• AIM OF THE TASK
Give the listing back in full, exactly as written, with the pictures removed.

• DATA EXTRACT

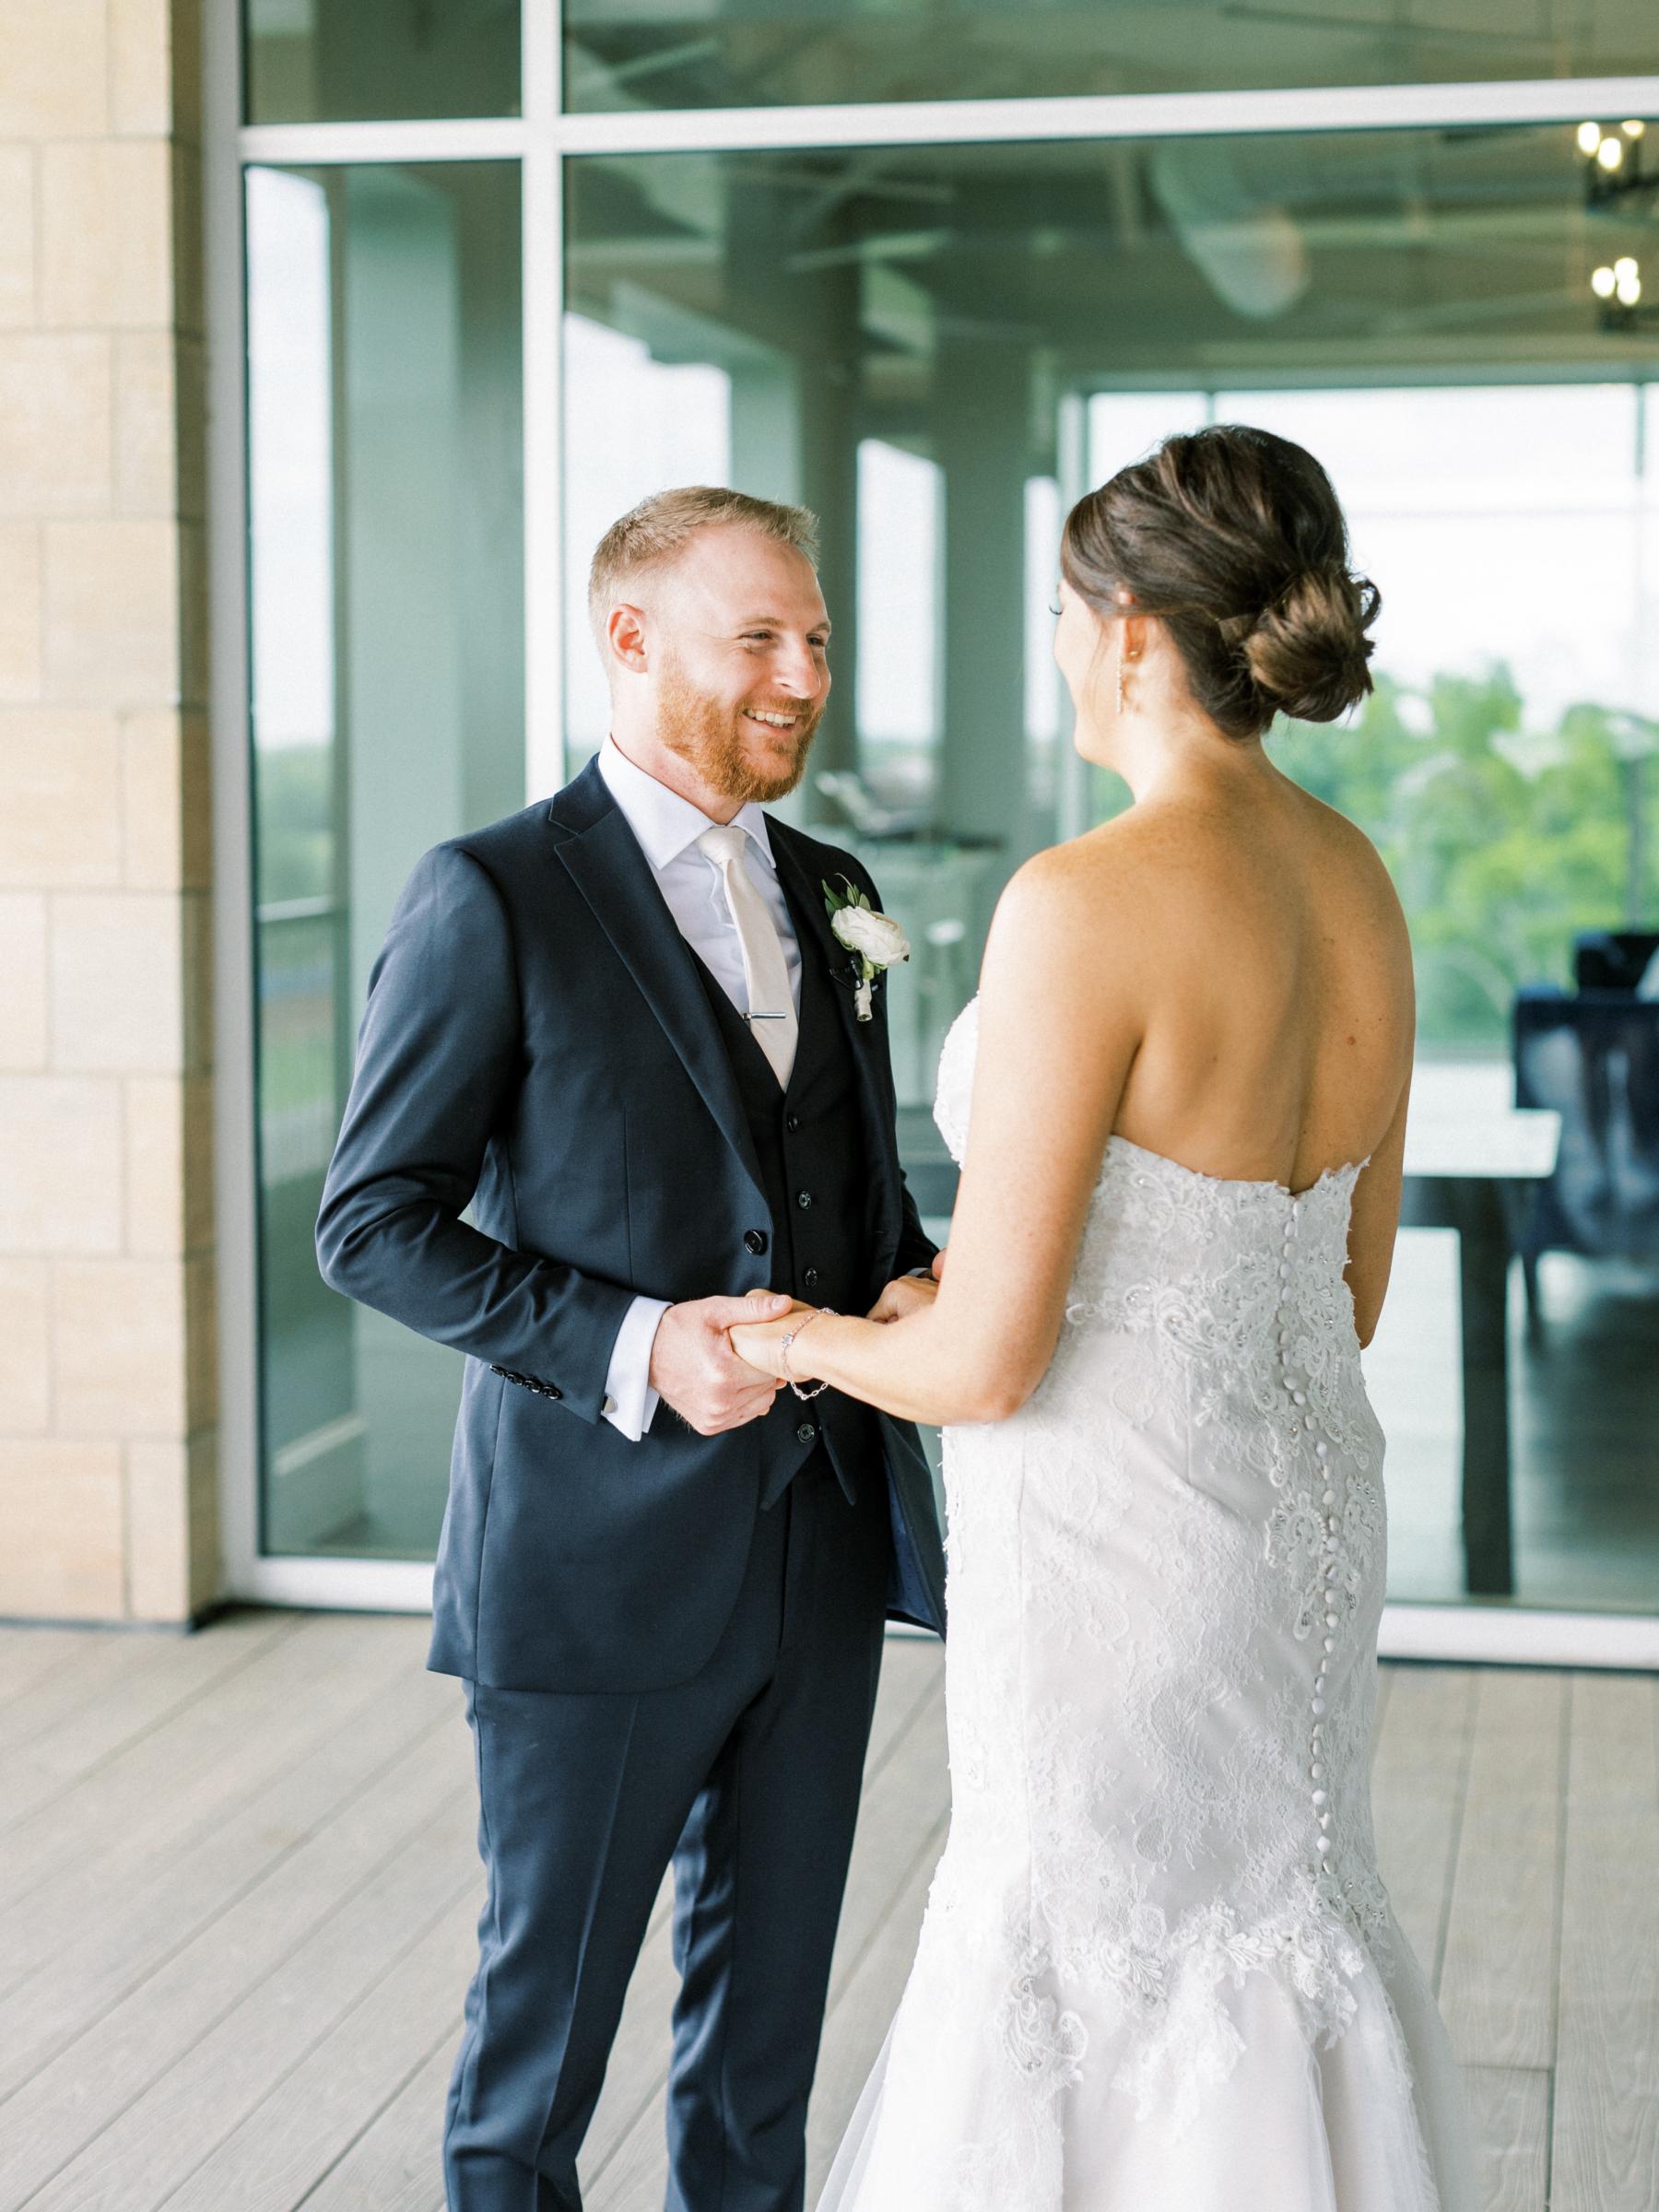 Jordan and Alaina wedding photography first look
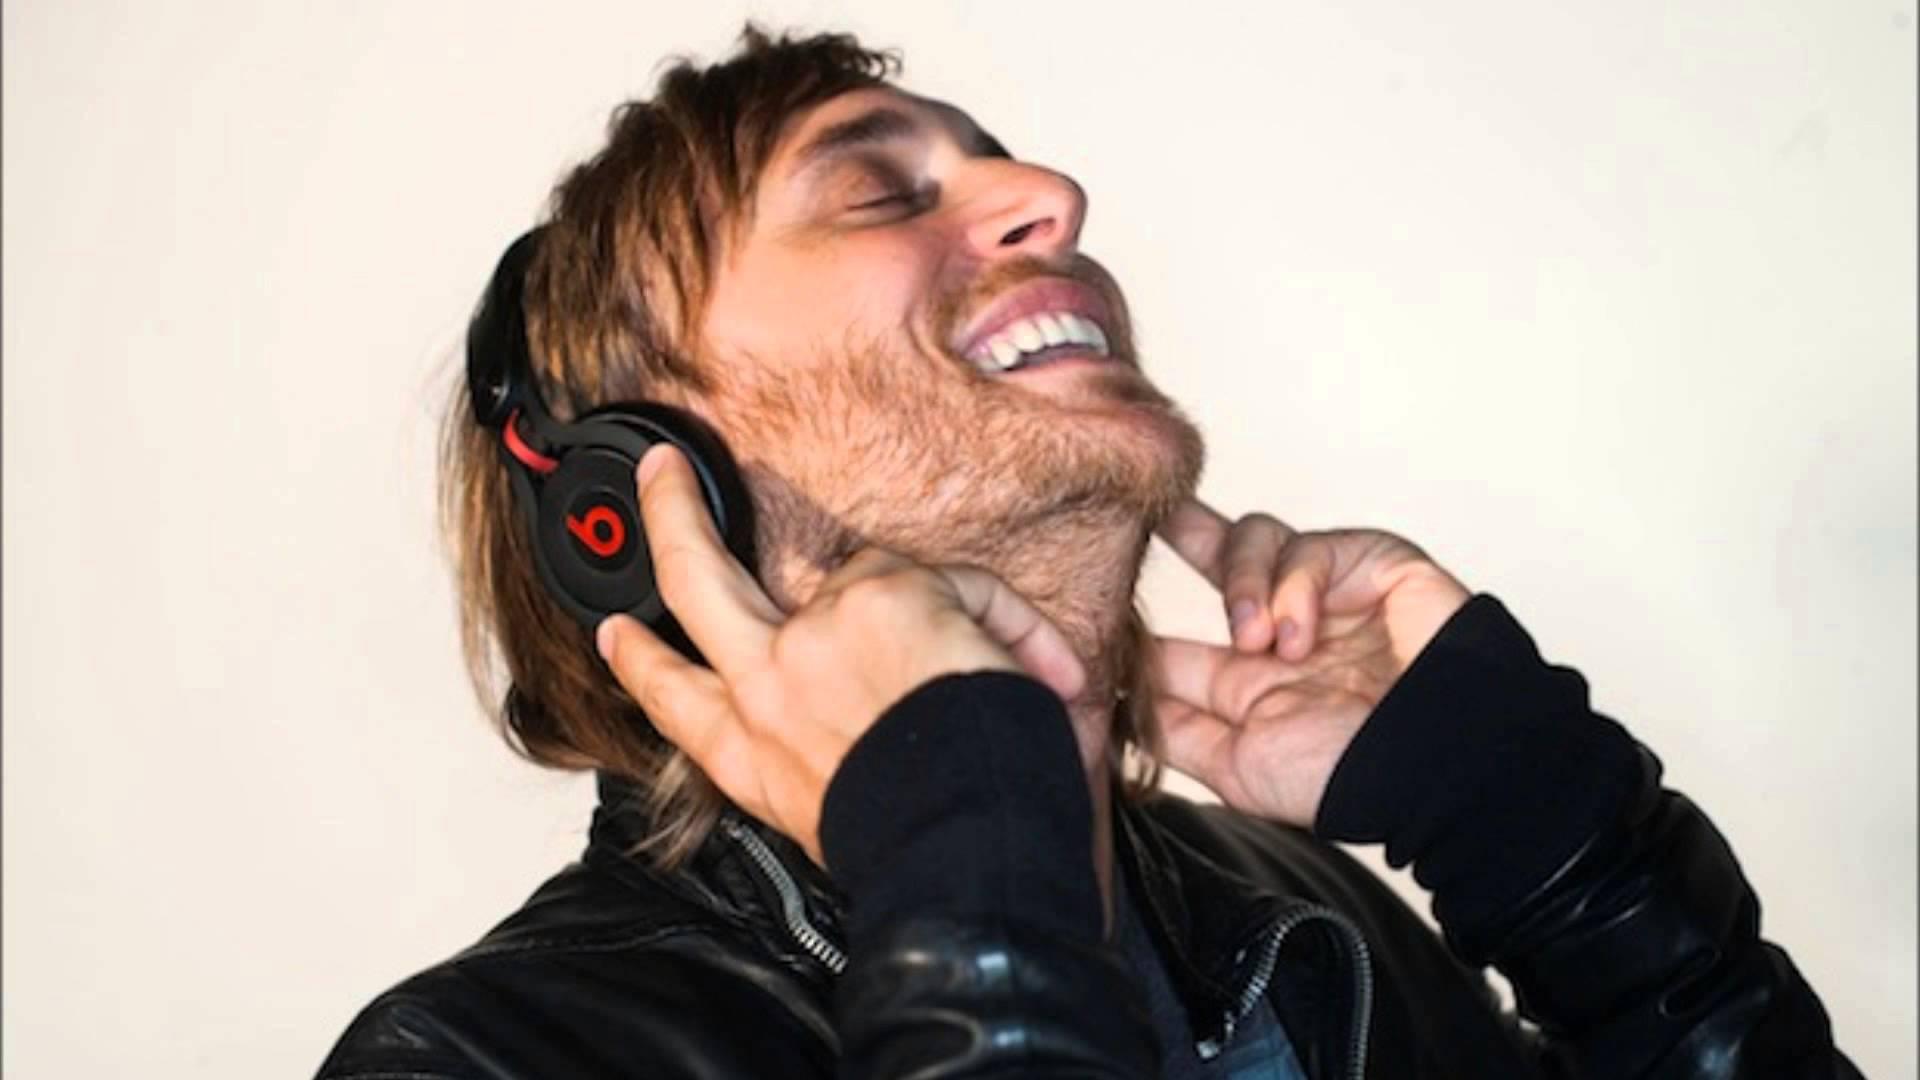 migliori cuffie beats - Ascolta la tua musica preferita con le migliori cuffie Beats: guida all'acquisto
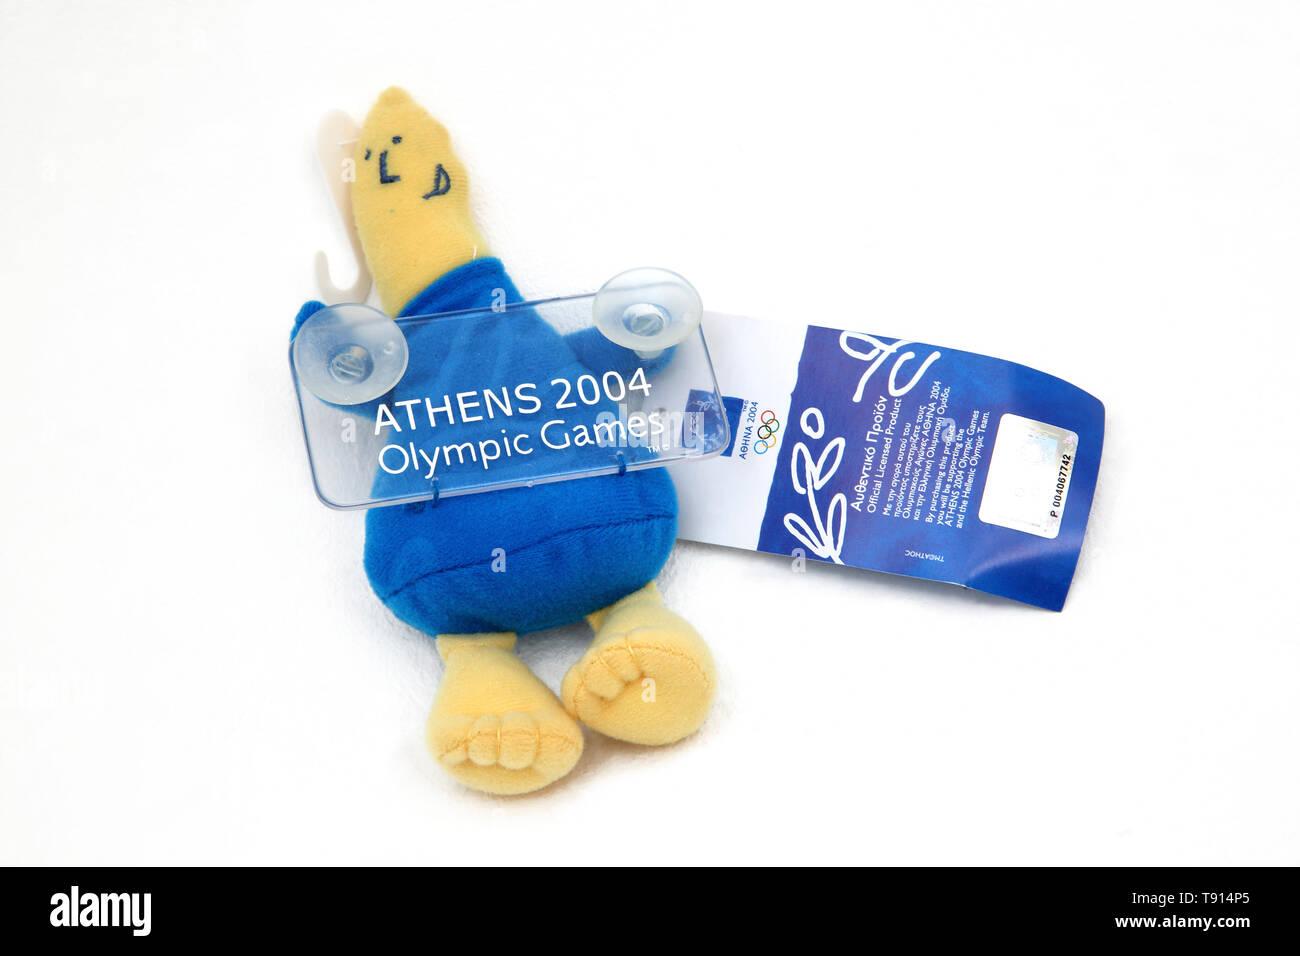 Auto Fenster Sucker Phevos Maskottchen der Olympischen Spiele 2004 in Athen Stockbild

• TASK ANSWER
 Jordan and Alaina wedding photography first look
 migliori cuffie beats - Ascolta la tua musica preferita con le migliori cuffie Beats: guida all'acquisto
 Auto Fenster Sucker Phevos Maskottchen der Olympischen Spiele 2004 in Athen Stockbild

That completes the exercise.